I have never understood the reason why the human race has a neurotic need to possess, and be possessed.
Perhaps we have always been like this, so desperate to possess, so desperate to belong.

I personally have felt that a need to possess or to belong, but it seems that that need has been elevated to unnatural extremes in modern day society.
People are still fighting over land, the way that the Greeks, Romans, the Persians, Arabs, Egyptians, and Aztecs did in the times before us.
We still have this compelling need to hold command over large areas of land, and the reasoning behind it has little to do with sustaining our population, religion and our culture.
It has more to do with power, with having resources and things that can give one leverage over others, that can give one control.
It’s got to with all the things that breed and manifest selfishness in the minds of men.
We devour resources at astonishing rates, and waste plenty, kill heartlessly, and care less and less for those who suffer for our greed.
We are motivated to practice philanthropy when benefits us in some way, not out of love of giving simply to give.
Our relationship with wealth is the same way. Everyone you know wants to be a billionaire. Wants to possess money and a lifestyle that they believe they are entitled to. Perhaps they do, perhaps they do not.
That is not the issue. What is the issue is that we often want to have more than we actually need to survive, and resent or refuse to understand the innate selfishness within that.
The destructive need to possess. We refuse to recognize the destructive nature of our dreams, and how this nature has turned them into nightmares for others around us.

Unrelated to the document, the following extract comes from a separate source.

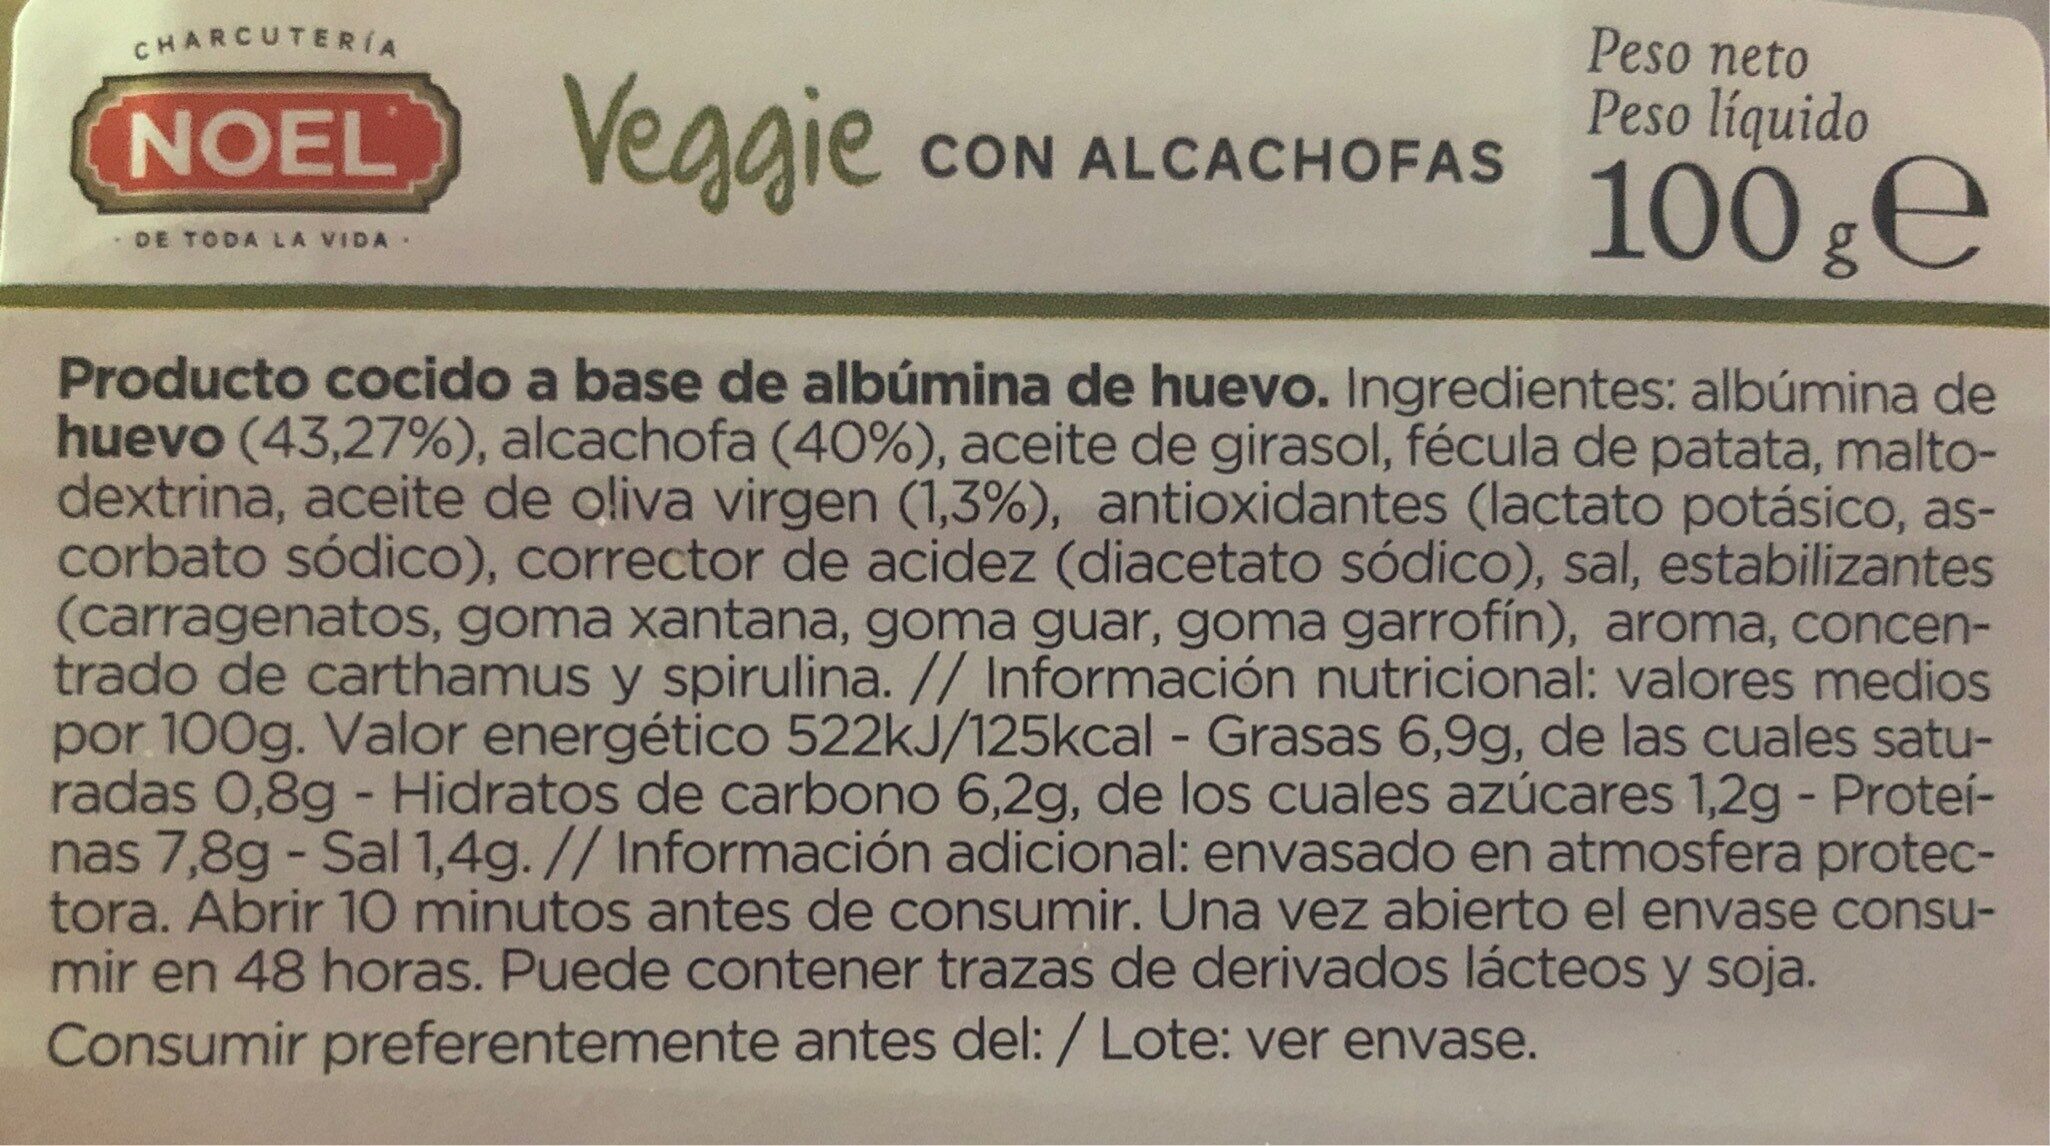 Veggie con alcachofas - Información nutricional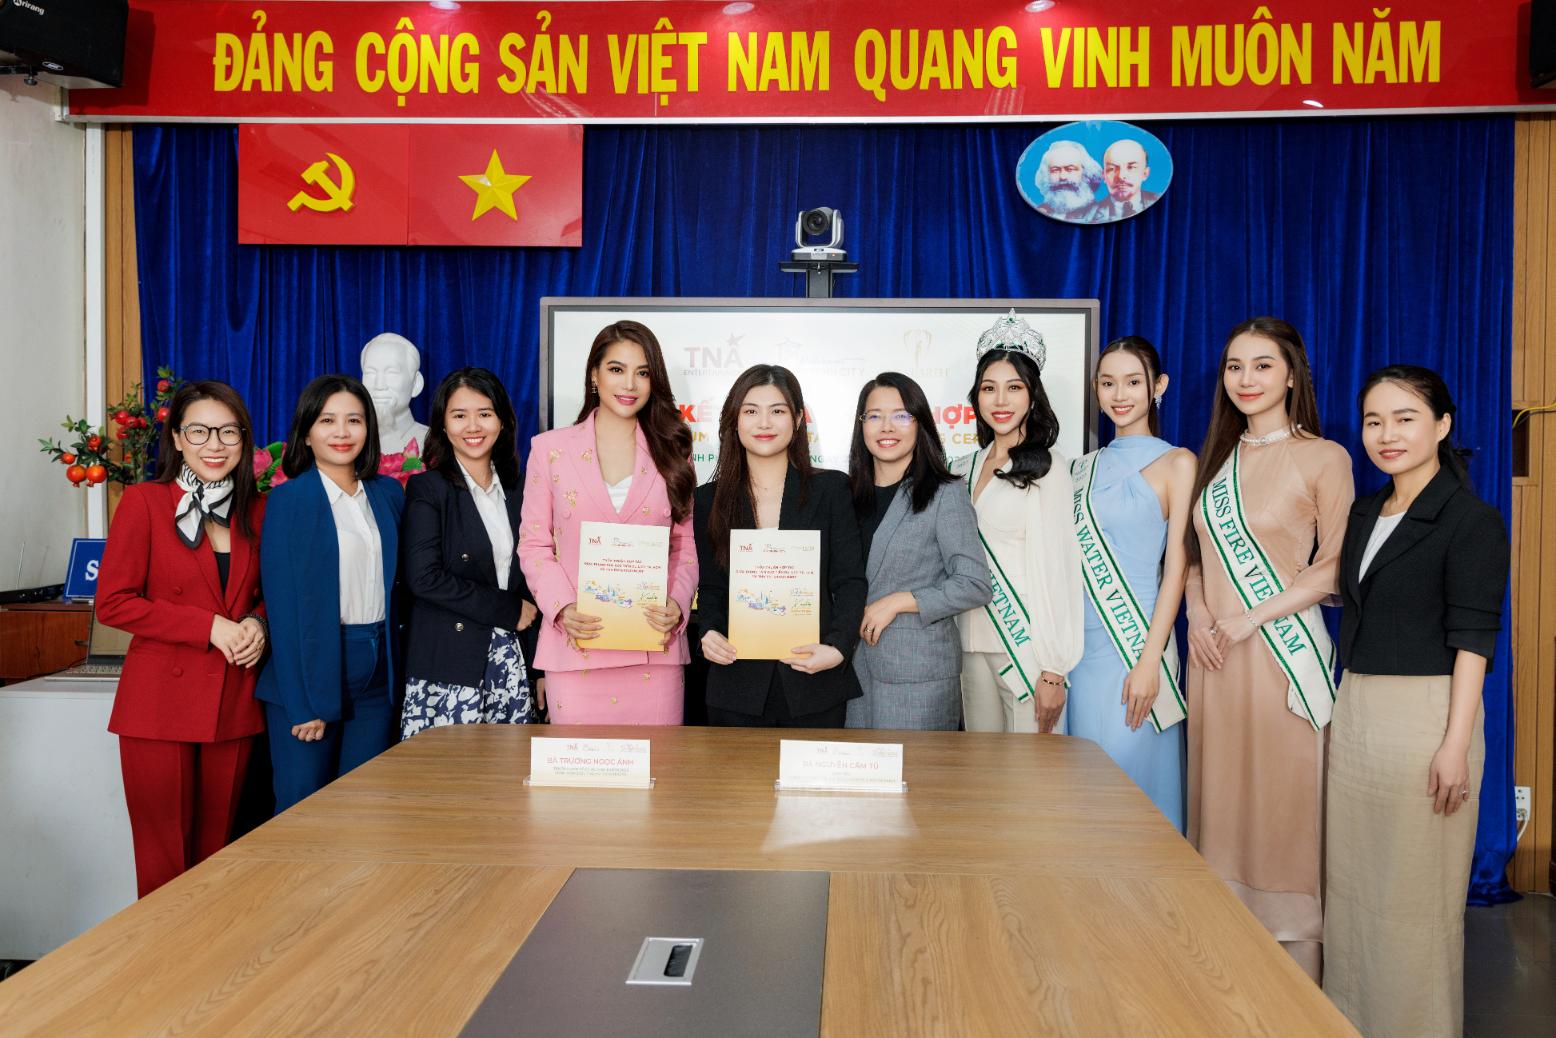 Trương Ngọc Ánh 5 Miss Earth 2023 đồng hành cùng Tuần lễ Du lịch TP. Hồ Chí Minh

We even are consumed with the need to possess things that we shouldn’t worry about holding onto so desperately, like the love, approval and envy of the people around us. I have often heard people speak of the “haterz” concept, and to this day it bugs me to no end.
Our need to possess the approval of others has gone to the point that we even have translated their disdain for us into a form of approval and a source of personal pride. What a senseless thing to covet! Why would you covet hatred as proof of people’s admiration for you? Whatever happened to encouraging love within the relationships that we have, and paying no mind to those who seek to spread negativity?
Instead, we have put those who despise us on a pedestal (one that seems to be above those that love us) because our need to possess the supposed power and motivation that comes from their hatred is so important to us.
Our love lives are saturated with the need to control and possess someone else’s love completely. So consumed are we with this need that we attempt to even control the relationships that person has with other people, and the love that they give out into the world. We separate them from the friends they have that we don’t like, the hobbies, opinions, and places where we feel that our possession of their love would lessen.
I’m sure if we could walk around with our lovers blindfolded, handcuffed, mute, and deaf we would to keep them from finding someone else to give their love to. Our fear of this loss of possession fuels illogical feelings of inadequacy, rage, and despair within us. Perhaps I am painting society in its extreme, but perhaps society today is at its extreme.
Society is reaching a perilous point, where our need to possess all that is around us will eventually destroy us.
We need to let go.
Let go of this materialistic need that has grown so fiercely within us. We need to learn to be content, to not cloy, and fight, and scratch and kill in order to possess. It is a beautiful feeling to have when you believe that something belongs to you, but even a butterfly clutched in too tight of a grip will be crushed.
I am not saying we should rid ourselves of our desire to have something belong to us, and to belong to something because it is a vital, natural, part of our identity as a species. Just don’t destroy yourself and everything around you in the process. Let go of all the negative things associated with that desire like the desperation, insecurity, fear, and the selfishness that is part of possessing as brutally as we do.
We have become a waking nightmare suffering from a communal madness. We shall never be at peace so long as grip our lives so desperately. Give, so you do not hold so tightly onto your “possessions”.
Find peace with yourself, so we can all be at peace.